The New York Times, Washington Post and CNN were among outlets reporting the target's identity, citing unidentified sources. President Joe Biden was due to deliver a televised address on the operation later Monday.
It would be the first known over-the-horizon strike by the United States on an Al-Qaeda target in Afghanistan since American forces withdrew from the country on August 31, 2021.
US officials did not clarify where in Afghanistan the strike took place.
On Saturday morning the Afghan interior ministry denied reports circulating on social media of a drone strike in Kabul, telling AFP a rocket struck "an empty house" in the capital, causing no casualties.
Early Tuesday in Kabul, however, Taliban spokesman Zabihullah Mujahid tweeted that an" aerial attack" was carried out on a residence in the Sherpur area of the city.

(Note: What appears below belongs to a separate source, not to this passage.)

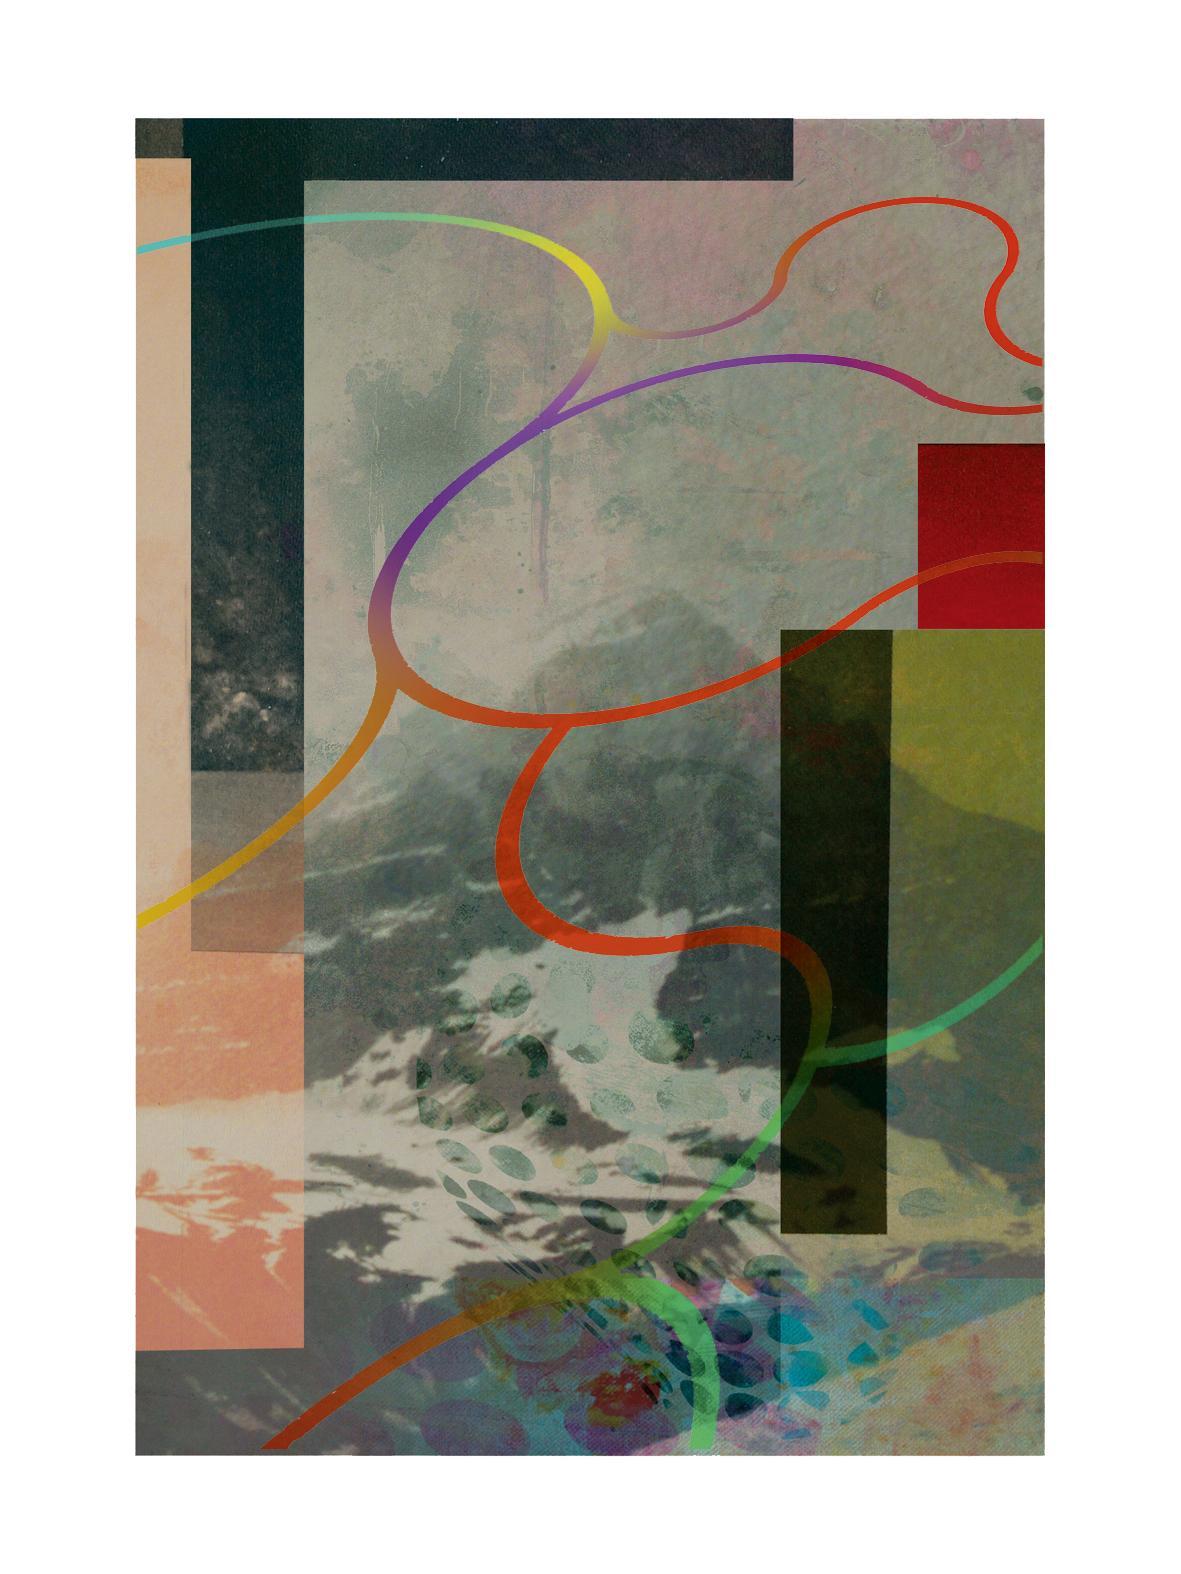 Mountains 002 - Contemporary, Abstract, Modern, Pop art, Surrealist, Landscape

"The nature of the incident was not revealed at first. The security and intelligence agencies of the Islamic Emirate investigated the incident and found in their preliminary investigations that the attack was carried out by American drones," his tweet said.
In recent months the Taliban have largely barred media from covering the aftermath of security incidents and frequently deny or downplay any casualties.